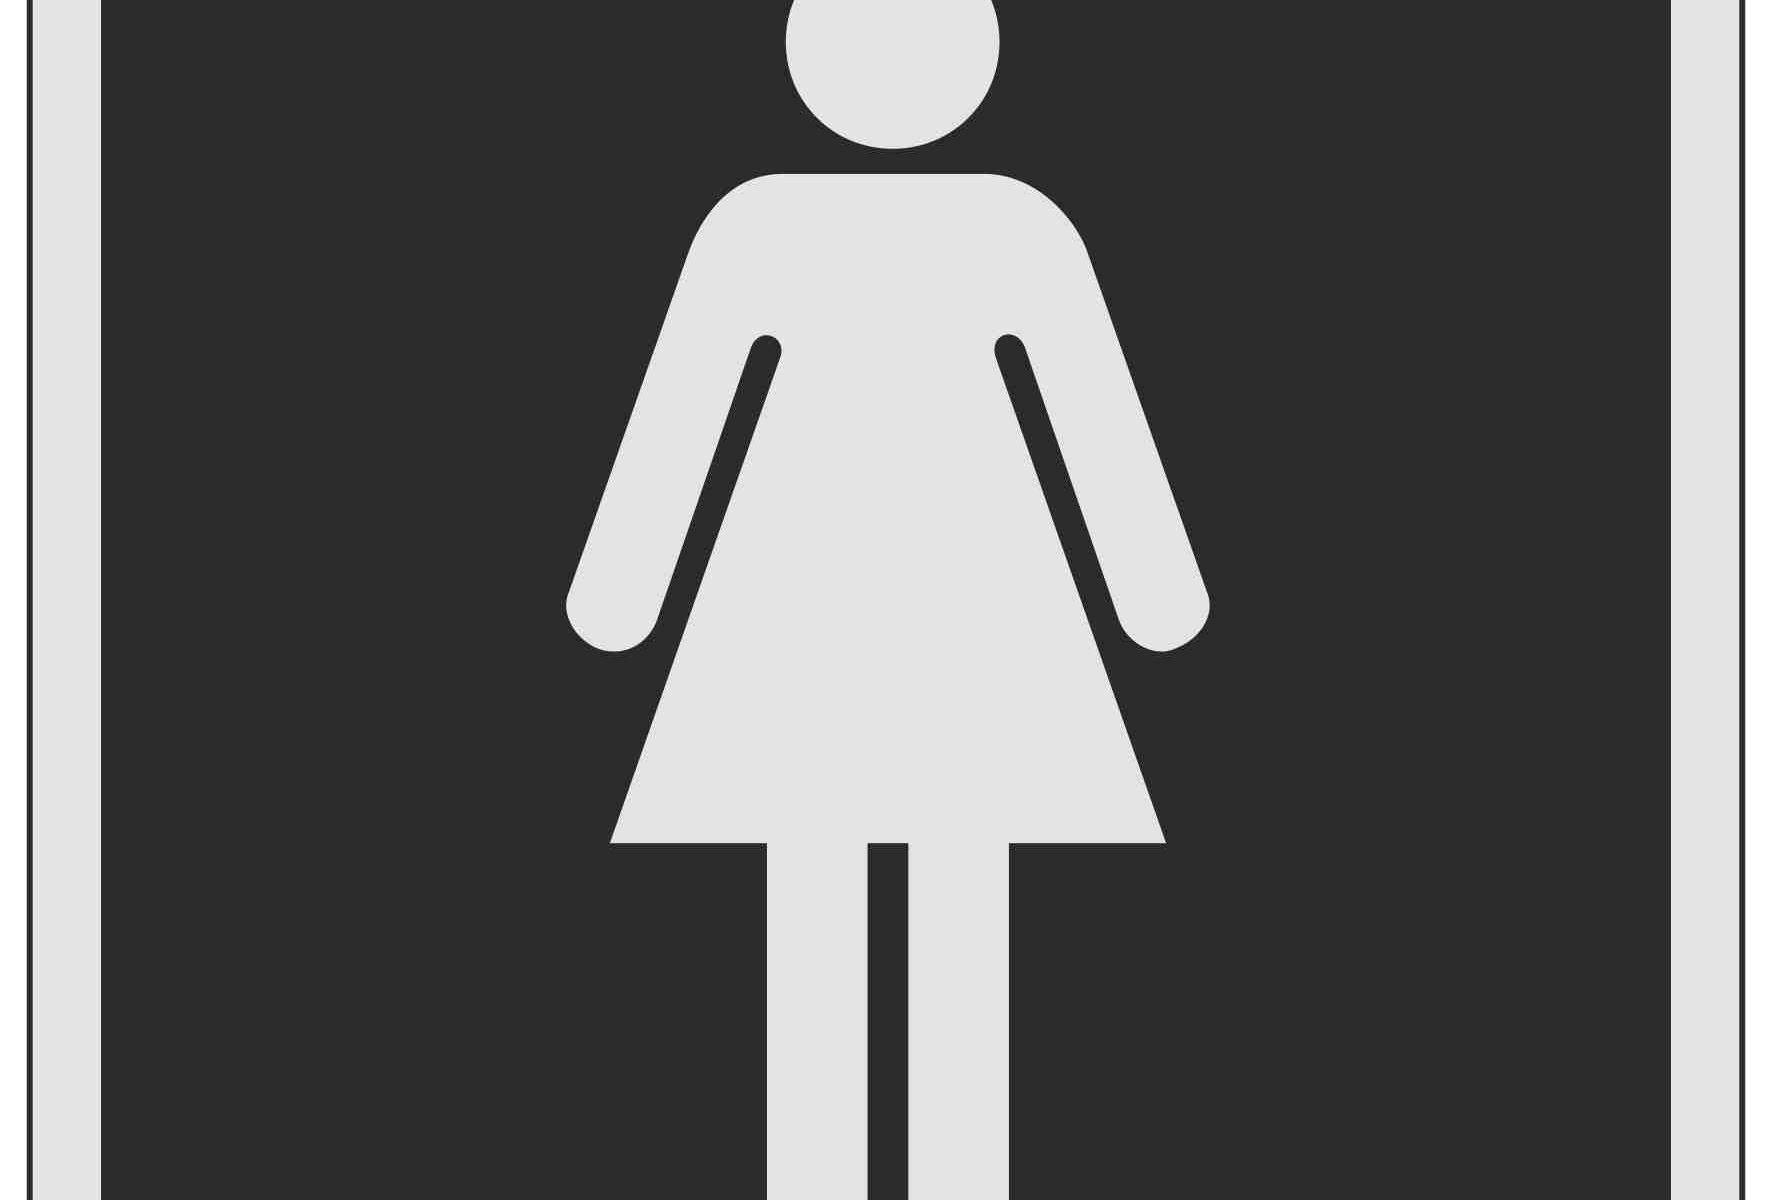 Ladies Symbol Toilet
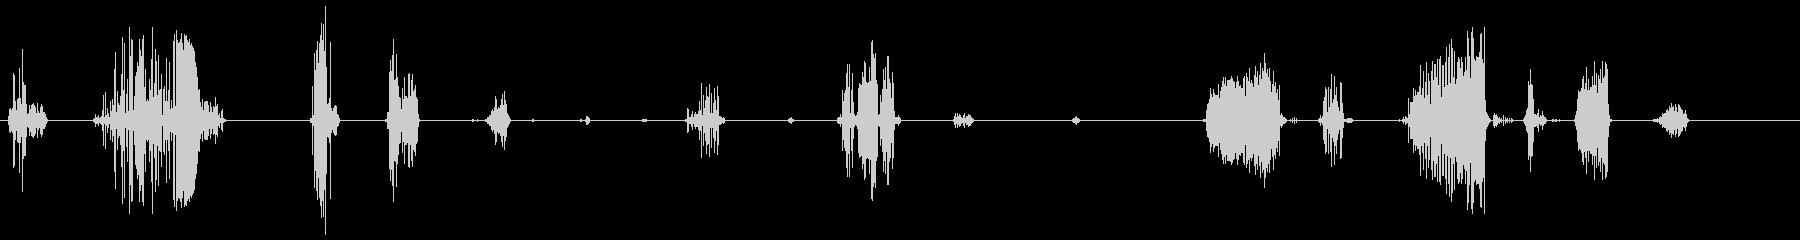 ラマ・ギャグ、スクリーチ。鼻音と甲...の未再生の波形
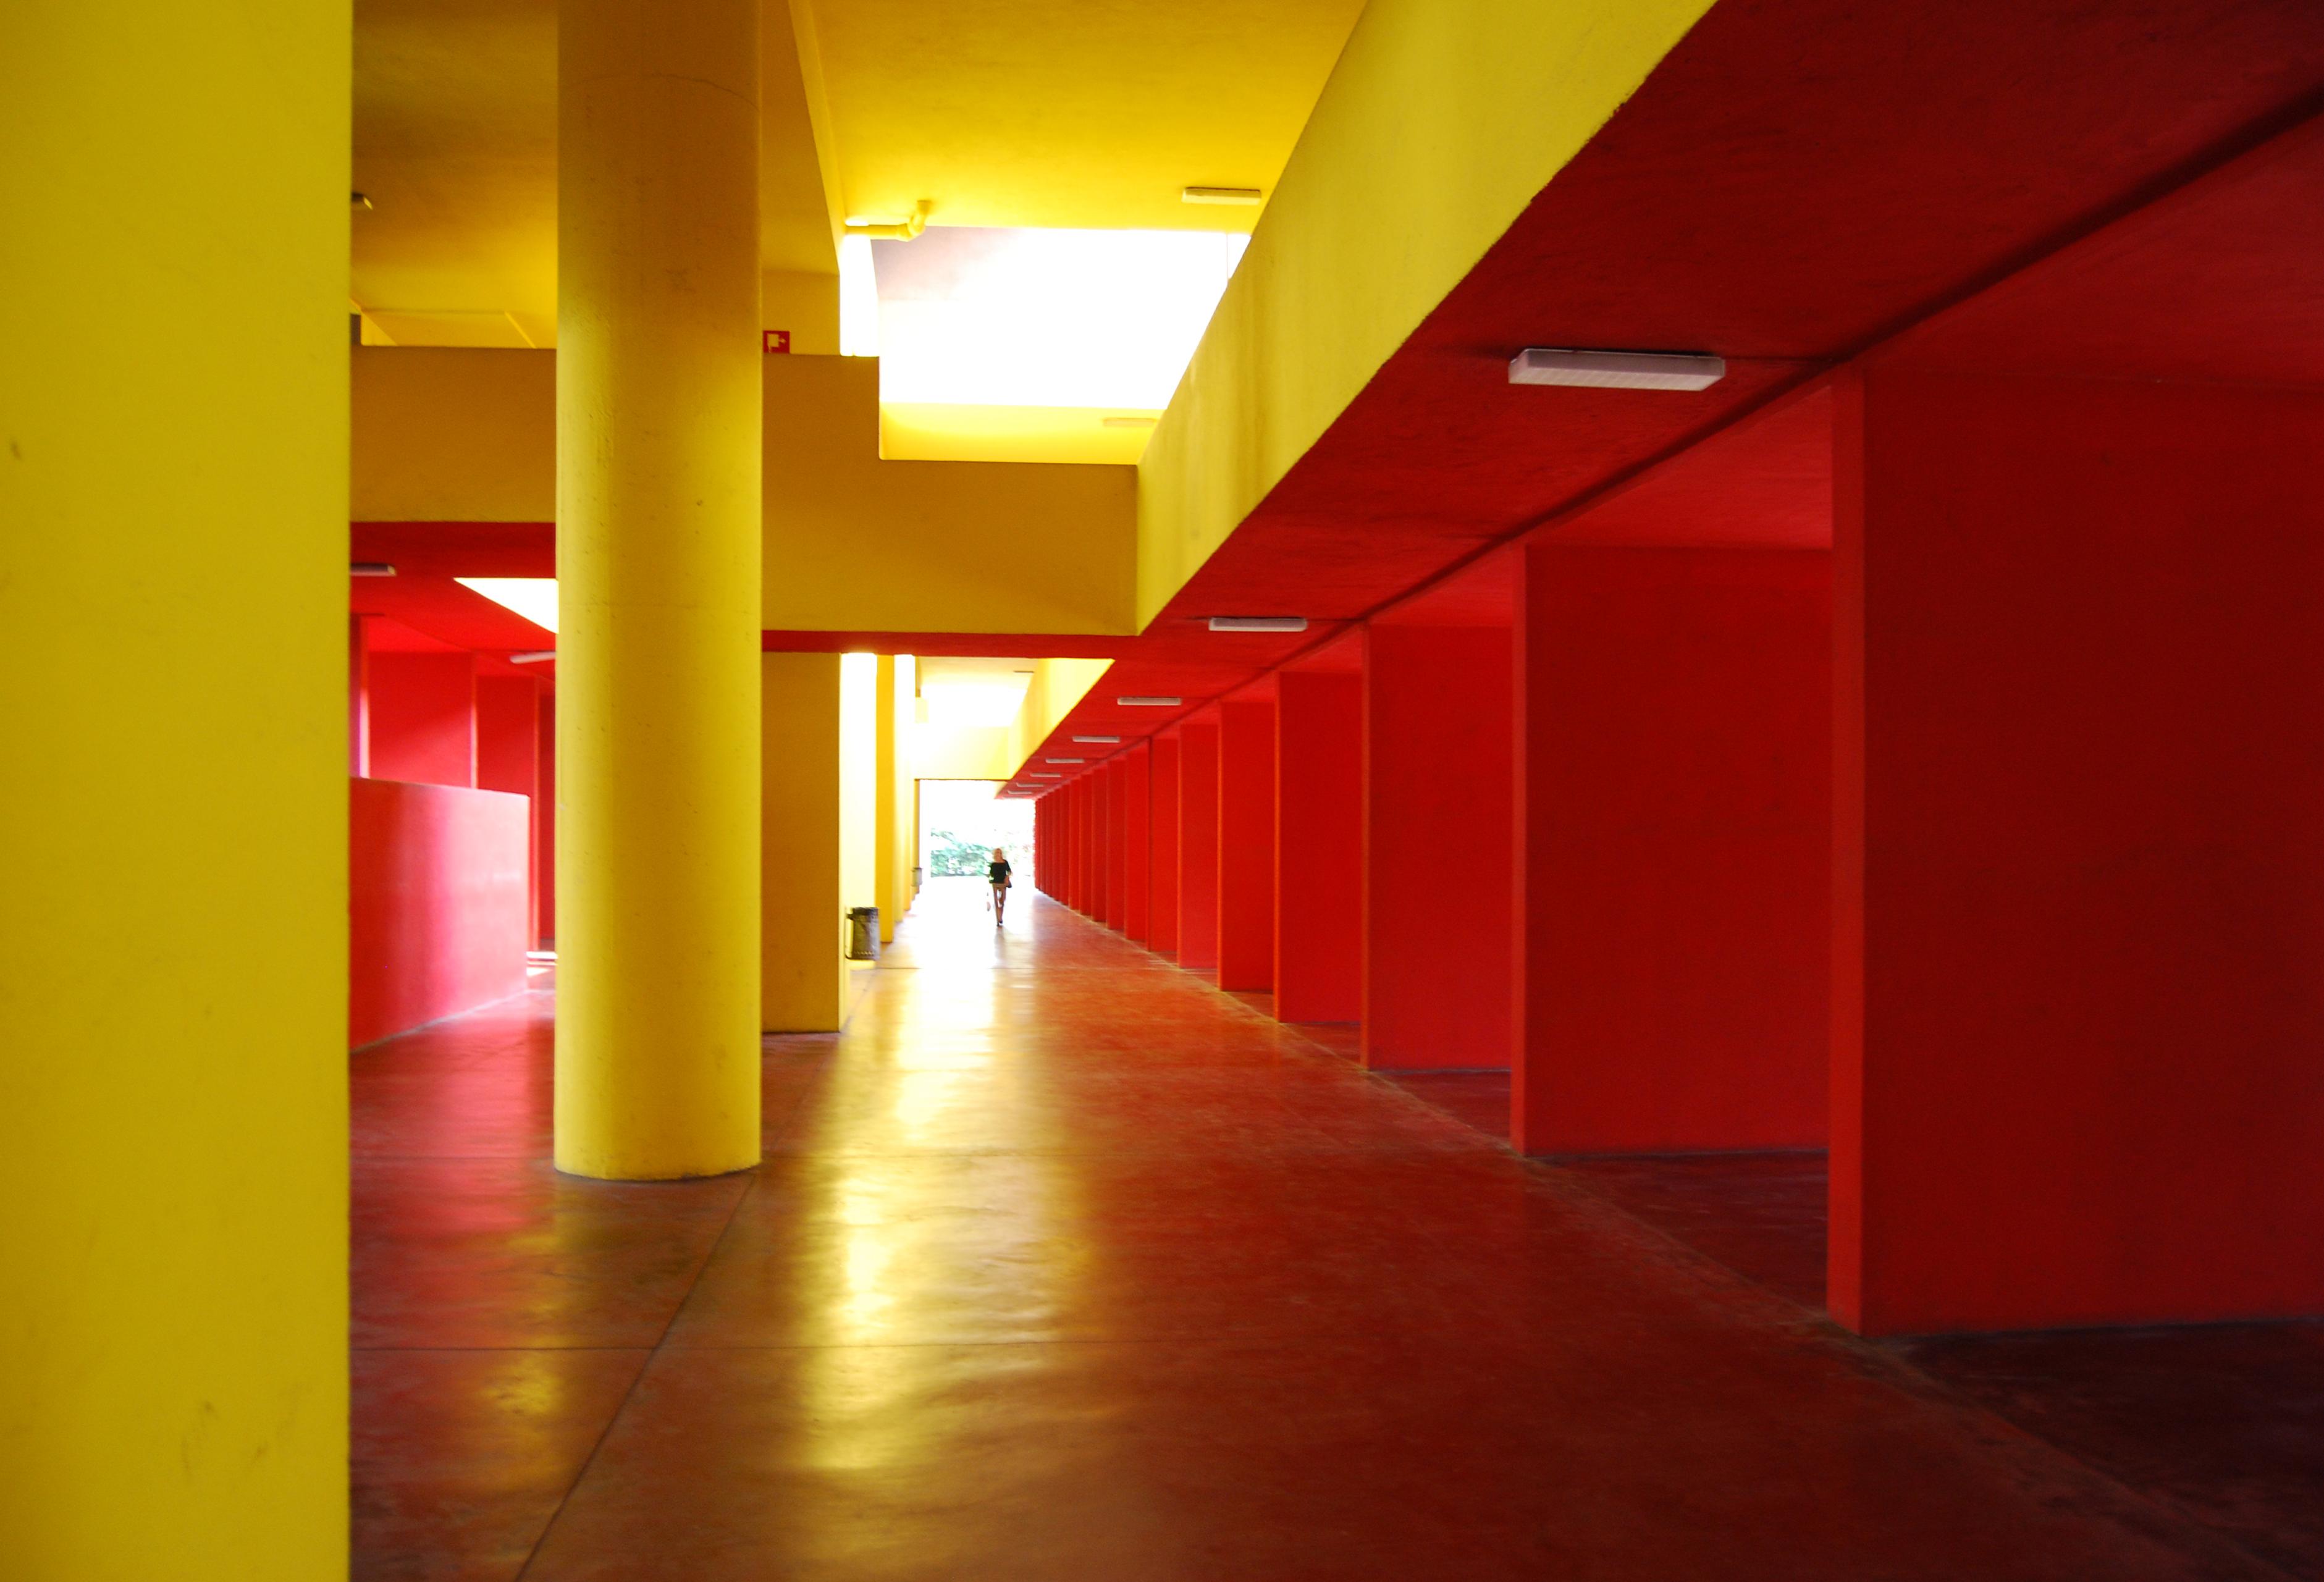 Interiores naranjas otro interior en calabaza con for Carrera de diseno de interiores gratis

+++++

* **Task item**
Please write out the lines above exactly, from the one that contains "ラマ・ギャグ、スクリーチ。鼻音と甲...の未再生の波形" through the final line, and include none of the pictures.

* **Response to the task**
 ラマ・ギャグ、スクリーチ。鼻音と甲...の未再生の波形
 Interiores naranjas otro interior en calabaza con for Carrera de diseno de interiores gratis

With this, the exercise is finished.